* TASK TO CARRY OUT *
Please reproduce the lines of the records below from the one holding "Vans Ranged 2 Backpack-B Kadın Sırt Çantası" through the one holding "Floor mop icons.", inclusive, skipping all pictures.

* INPUT FOR THIS TASK *
——————
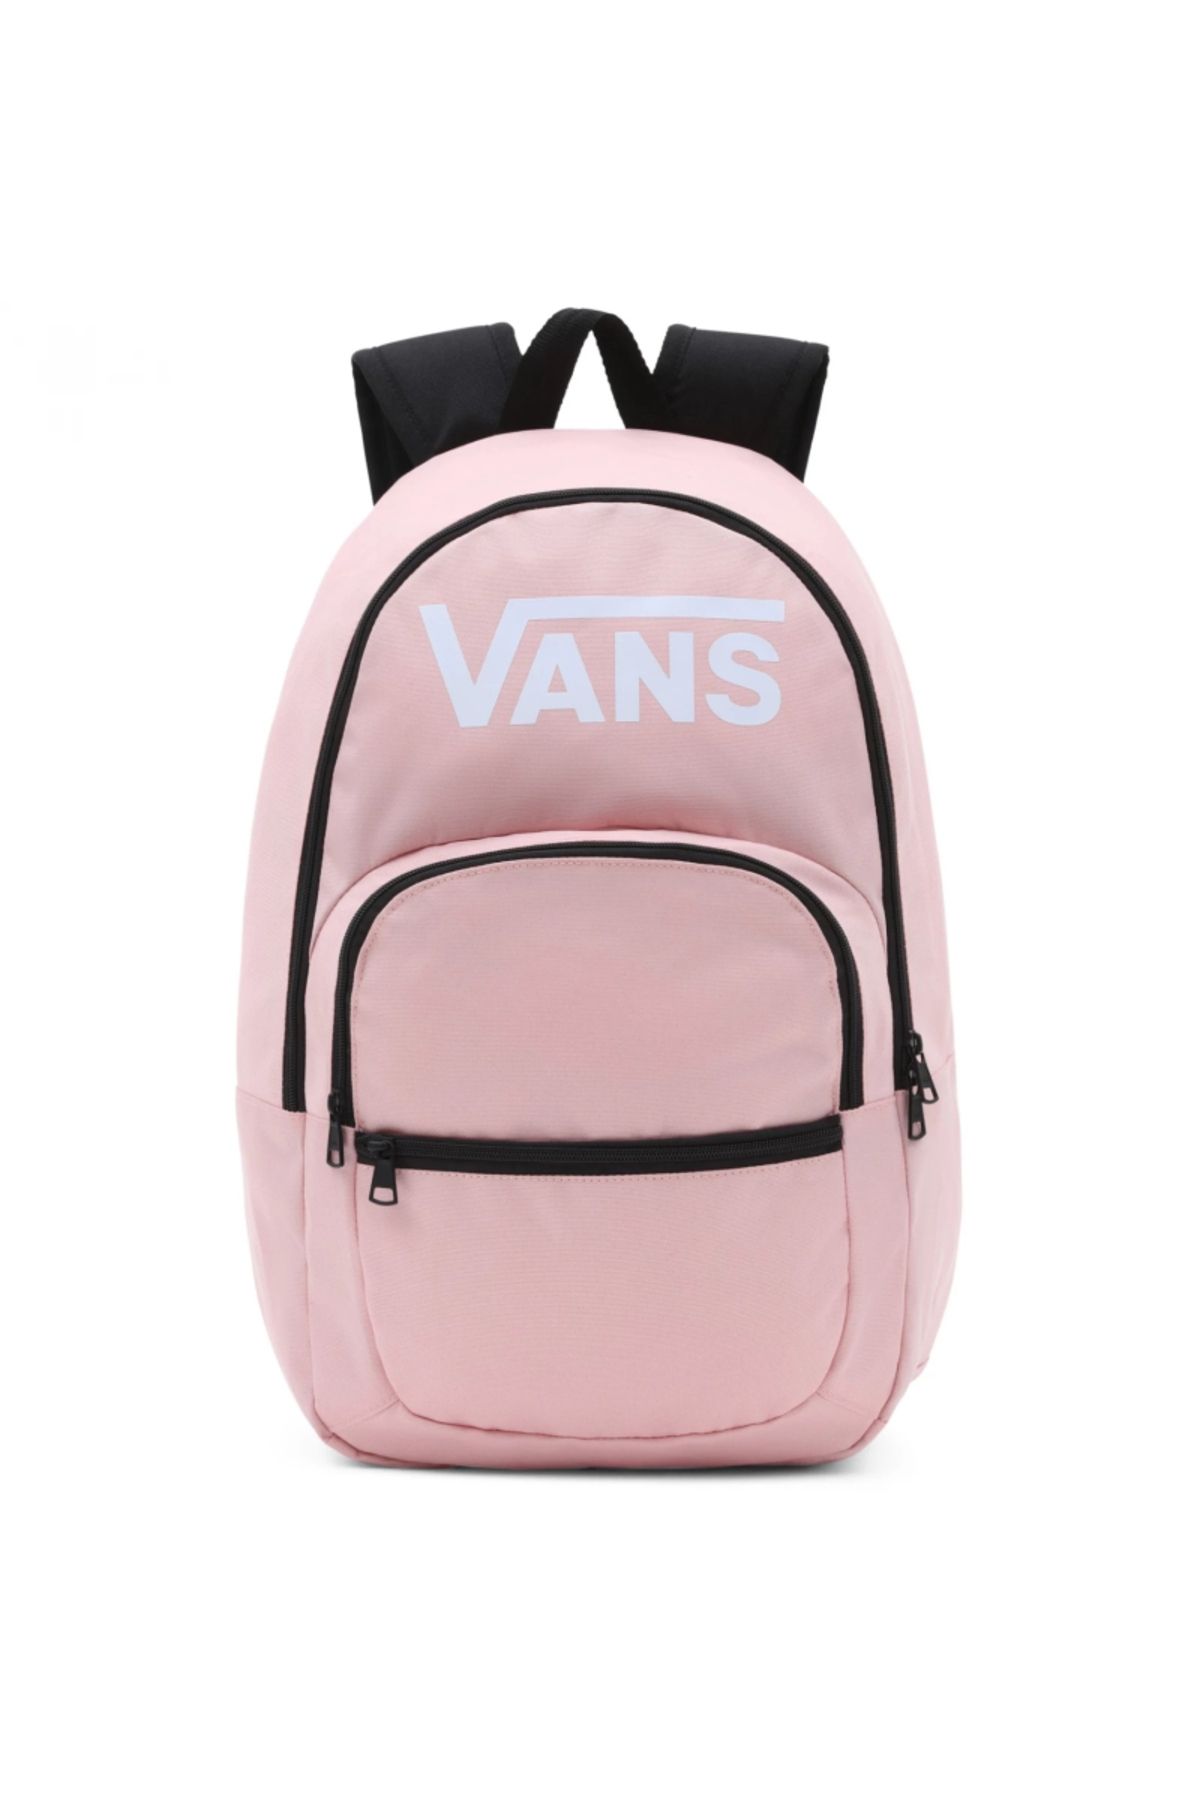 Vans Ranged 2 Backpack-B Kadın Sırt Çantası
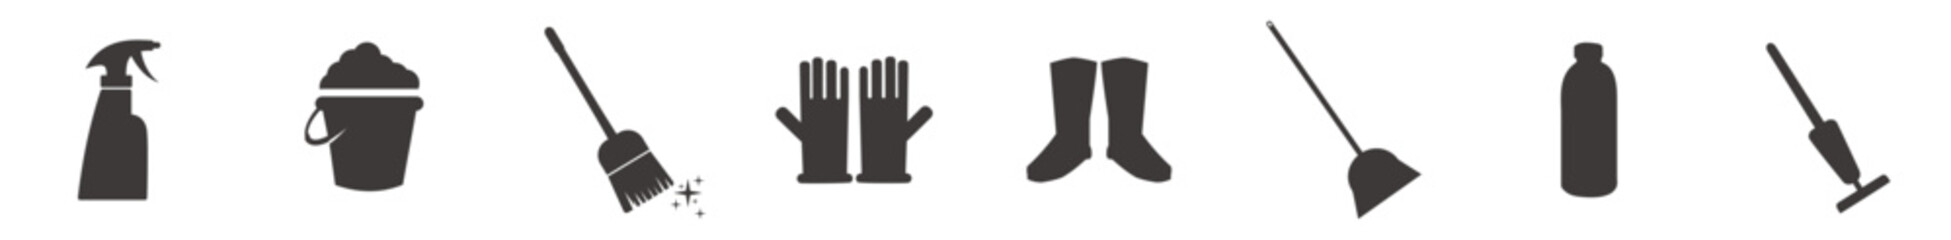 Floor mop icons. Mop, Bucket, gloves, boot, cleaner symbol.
——————
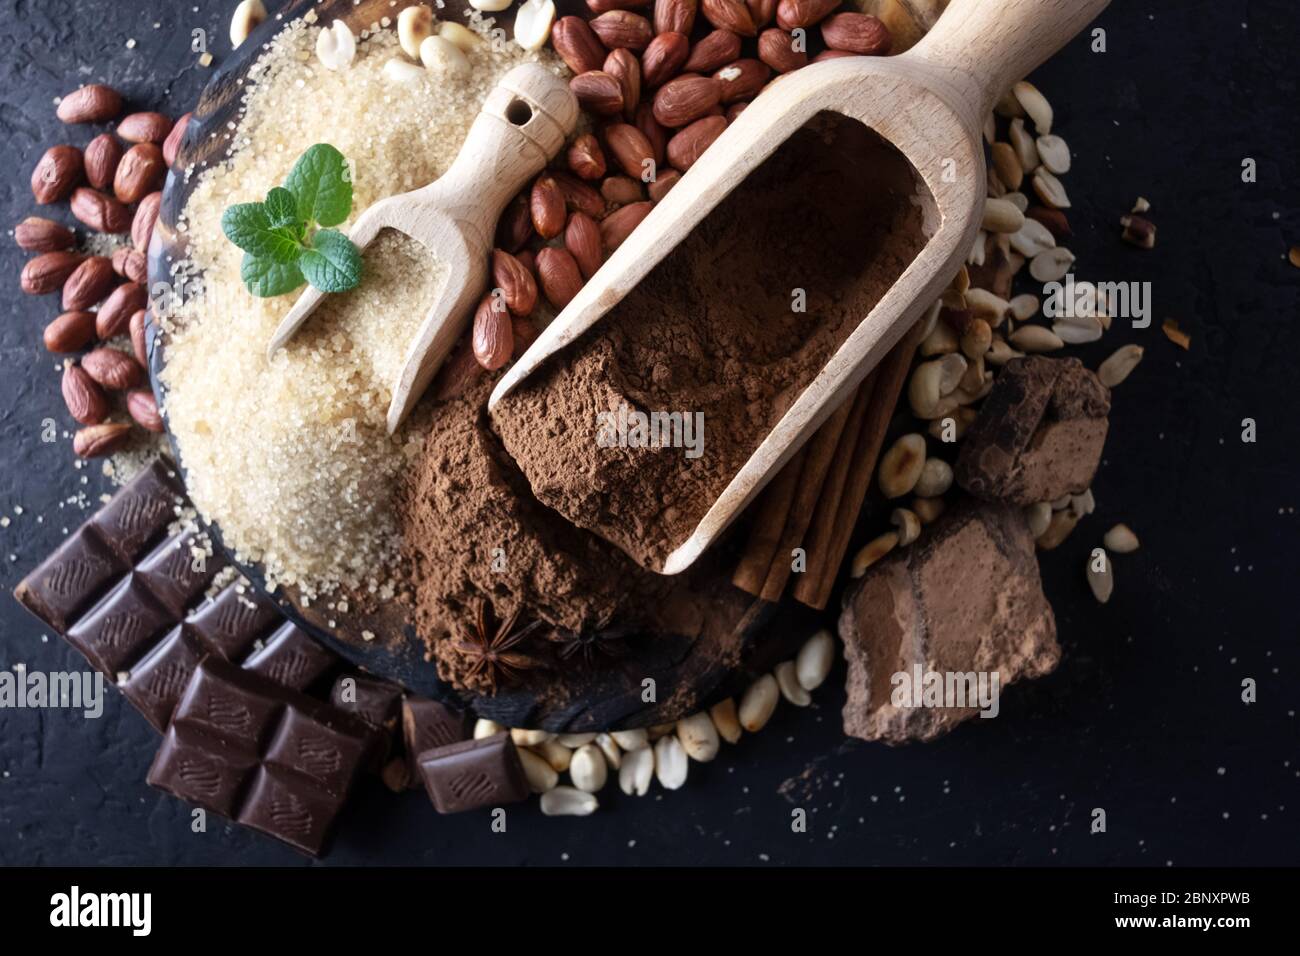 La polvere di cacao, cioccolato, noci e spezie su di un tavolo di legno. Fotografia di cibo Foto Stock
——————
* THE ANSWER *
 Vans Ranged 2 Backpack-B Kadın Sırt Çantası
 Floor mop icons. Mop, Bucket, gloves, boot, cleaner symbol.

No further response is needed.